# Delta Unisaw Blade Arbor Nut



## landyl (May 9, 2008)

Is there available a more substantial arbor nut than the one that you can get from the factory? The ones that I have gotten are very thin and the threads keep stripping out. The book calls for a 5/8" bore, 12 threads per inch, and left hand threads :wallbash:


----------



## Leo G (Oct 16, 2006)

I have to wonder what you are doing to those poor arbor nuts that you keep stripping them? That nut should last the life of the machine. You must be over tightening the nut for it to strip.


----------



## user4178 (Apr 18, 2008)

They are probably thin for the reason that it leaves more room on the arbor for a stacked dado set. I also wonder as Leo does as to what you are doing.


----------



## Norman Pyles (Dec 30, 2007)

You do not have to tighten your arbor nut real tight. Just snug it up, and the direction of the blade rotation will keep it from loosening up. Welcome to the forum, and keep asking questions. There is a lotta info on woodworking, and woodworking machines on line so google away.


----------



## Maintenance 6 (May 9, 2008)

Maybe there's something wrong on the shaft that's tearing the threads inside the nut. I don't think they are standard SAE threads, so a regular nut won't work. I'm not altogether certain, but they may use some sort of ACME thread.


----------



## kevinpc (Mar 16, 2008)

Maintenance 6 is correct.It's a acme thread and the threads on the arbor are most likely worn down,they should be a flat thread,yours are most likely rounded off on the top of each thread.you should replace the arbor and nut as a set,and change bearings at the same time but you'll need to pull apart to see if you need old style bearings or new style.Have a dewalt service center perform the repair for you.


----------



## franks44 (Mar 1, 2013)

*Delta right tilt arbor nuts 5/8" 12 TPI LH Thread*



landyl said:


> Is there available a more substantial arbor nut than the one that you can get from the factory? The ones that I have gotten are very thin and the threads keep stripping out. The book calls for a 5/8" bore, 12 threads per inch, and left hand threads :wallbash:


Hi; I make brass Arbor nuts of the size and thread listed above.
They are 9/16" thick instead if around 5/16" and wont damage
the arbor threads. If anyone wants to know more about them
you are welcome to contact me using my direct E-Mail listed
here [email protected] or call 910-791-8870 6AM to 6PM
I sell these for $15.00 + $5.00 S & H the oem sells for $17.00 I'm told.

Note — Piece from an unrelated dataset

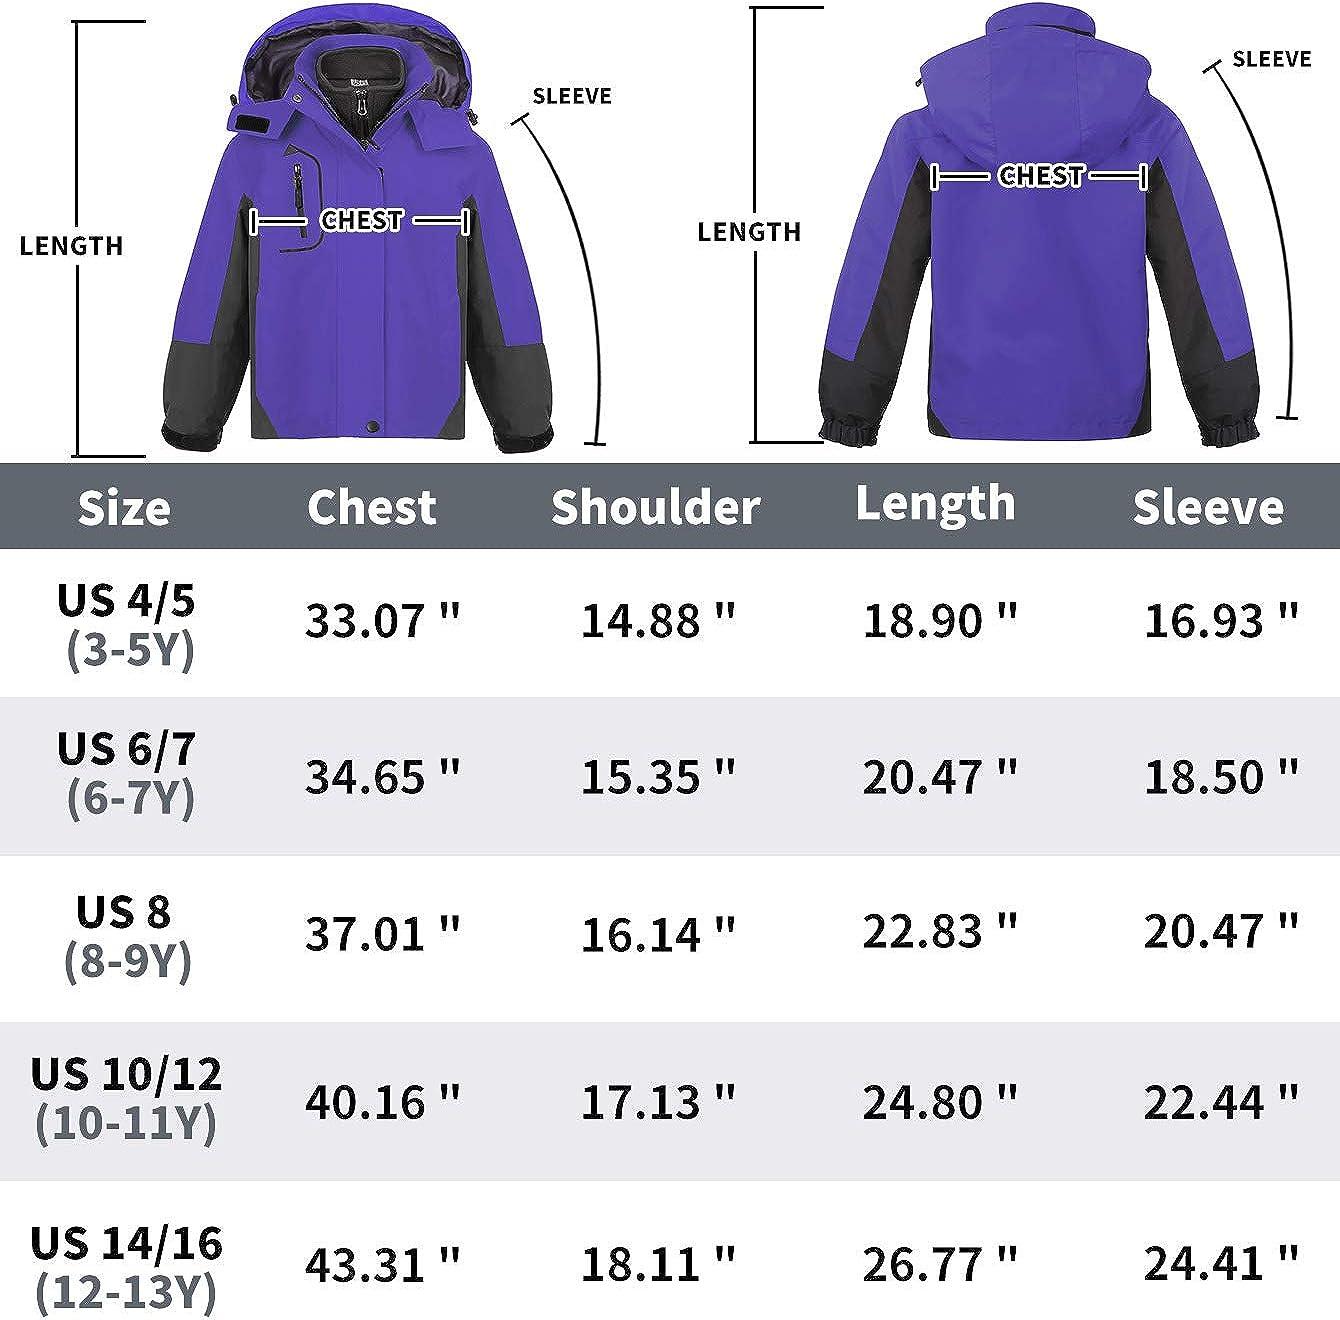 MORCOE Girls/' 3 in 1 Ski Jacket Outdoor Waterproof Interchange Windproof Fleece Travel Outerwear Winter Snowboard Coat

Thanks Frank Skinner { Maker of the "UniNut" }


----------



## Fred Hargis (Apr 28, 2012)

There is this one. They seem to be backordered at the moment.


----------



## dodgeboy77 (Mar 18, 2009)

I was going to suggest the same arbor nuts that Fred suggested (36-359). I have the set and they work very well. They are a bit less likely to be dropped into the sawdust in the bottom of the cabinet, too. Why, I haven't done that since, uh, yesterday!

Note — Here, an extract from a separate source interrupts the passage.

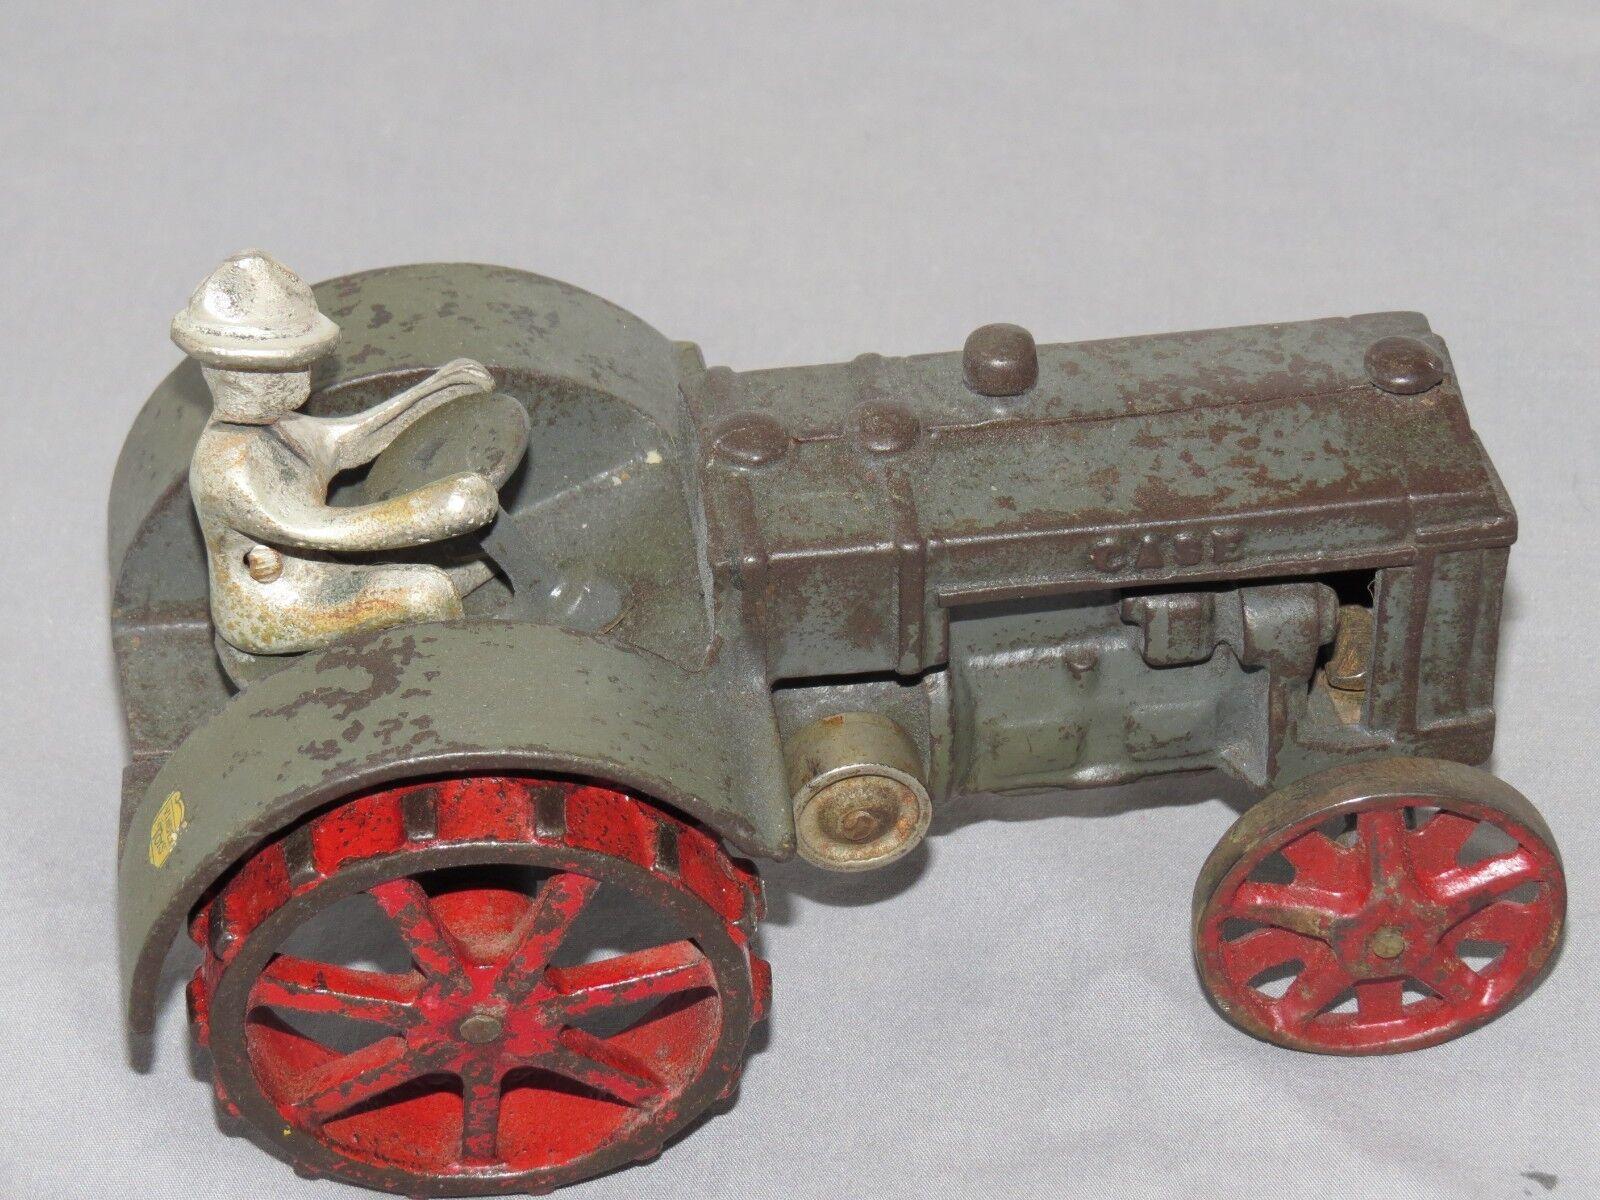 Vintage JI CASE Toy Tractor VINDEX Toys Original 1 16 1920's Cast Iron

Many Delta parts have gotten hard to find with the Chinese acquisition of the company. If you search around, you may be able to find another vendor or local Delta distributor that has them. The price may seem high but these are substantial pieces with a fair amount of machining involved. Make sure you get the proper threads - right hand or left hand, as they make both (traditional right-tilt Uni's use left hand).

I, too, wonder how you are stripping threads. The arbor threads are a type of Acme thread and are wide and tough. The nuts don't need to be cranked that tight as they self tighten as the saw is used. Are the arbor threads worn?

Bill

Edit: I knew I had a thread about this around here somewhere. I just had to search for it: http://www.woodworkingtalk.com/f12/i-got-upgraded-nuts-35748/


----------



## Fastback (Sep 2, 2012)

Some years back I need to change a bent arbor on a 9-inch contactors saw. The arbor for that saw was no longer available, but I was told that he arbor for the 10 was the same length and dameter. Its just the blade washers on both sides of the blade that were different. Anyway, the cost for the arbor, washer and nut was $100.00.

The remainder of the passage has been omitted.